Physical Activity Measures

Physical activity was measured at baseline (OAI 48-month visit) using GT1M ActiGraph accelerometer (ActiGraph; Pensacola, FL), a small uniaxial accelerometer that measures vertical acceleration and deceleration (18). The accuracy (19) and test-retest reliability (20) of ActiGraph accelerometers under field conditions have been established in many populations including persons with OA (21). Participants were instructed to wear the accelerometer on a belt at the natural waistline on the right hip in line with the right axilla upon arising in the morning and continuously until retiring at night, except during water activities, for seven consecutive days. A daily log was maintained by the participants to record time spent in water and cycling activities to estimate the amount of physical activity not fully captured by accelerometers. Skipped days reported on the log were excluded from the analysis.

Accelerometer output is an activity count per minute, which is the sum of the number of accelerations weighted by the magnitude of each acceleration.

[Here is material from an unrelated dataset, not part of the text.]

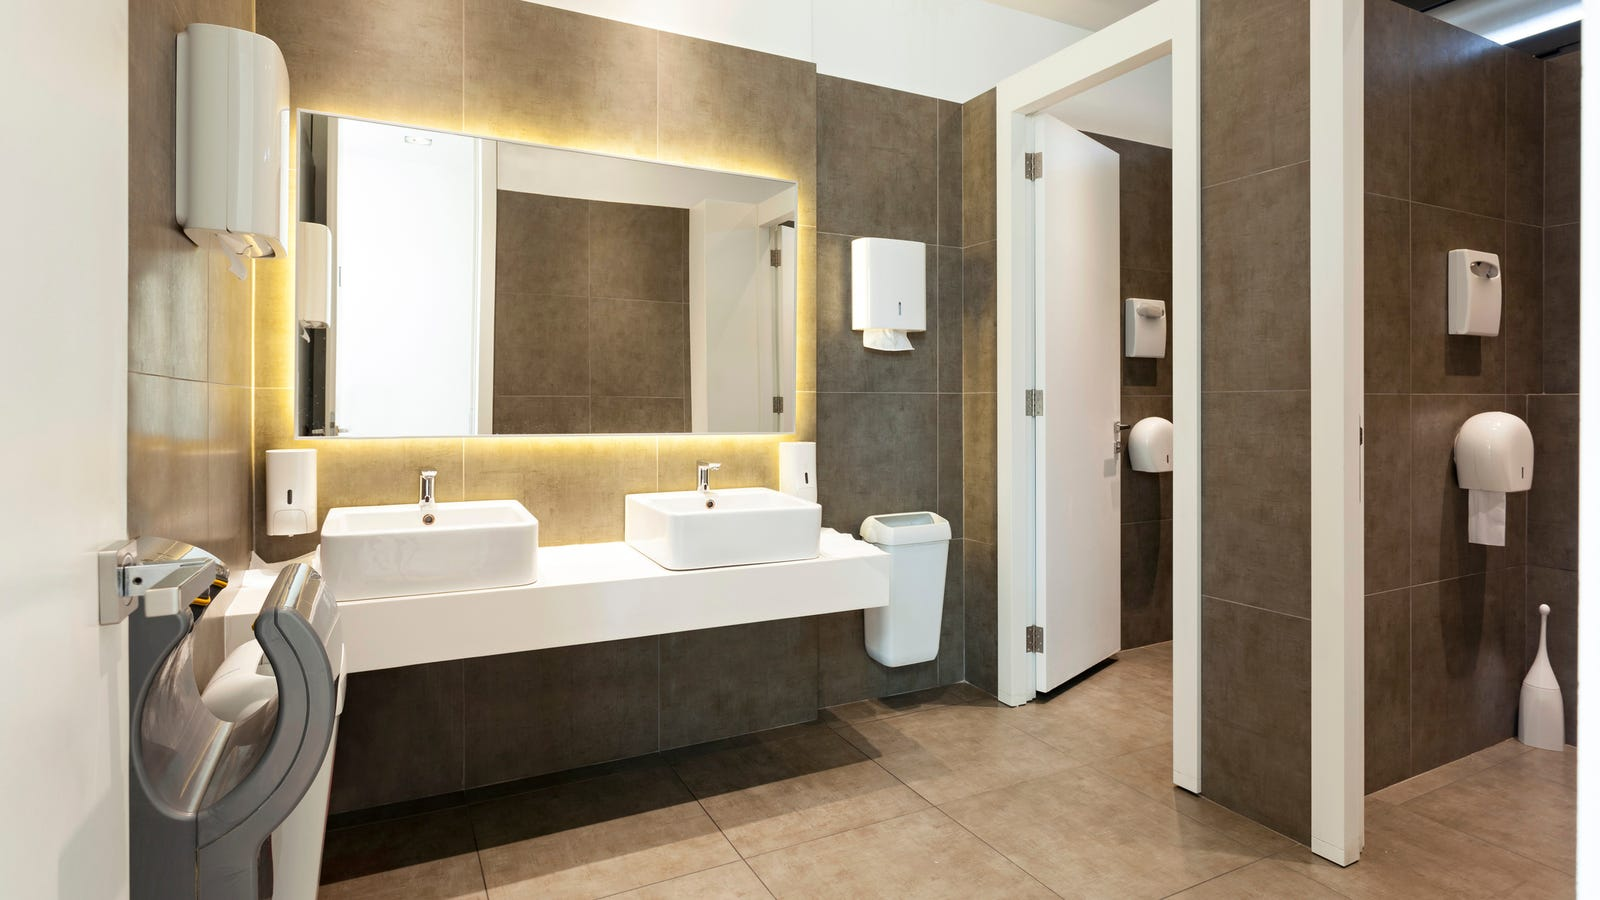 Toilets Of Boston Instagram Account Rates Restaurant Bathrooms

Accelerometer data were analytically filtered using methodology validated in patients with rheumatic disease (2223). Non-wear periods were defined as ≥90 minutes with zero activity counts, with allowance for up to two consecutive minutes of counts between 1–100 (23). A valid day of monitoring was identified by recording evidence of 10 or more wear hours per day (24). To provide reliable physical activity estimates, we restricted analyses to participants with 4–7 days of valid accelerometer monitoring (24).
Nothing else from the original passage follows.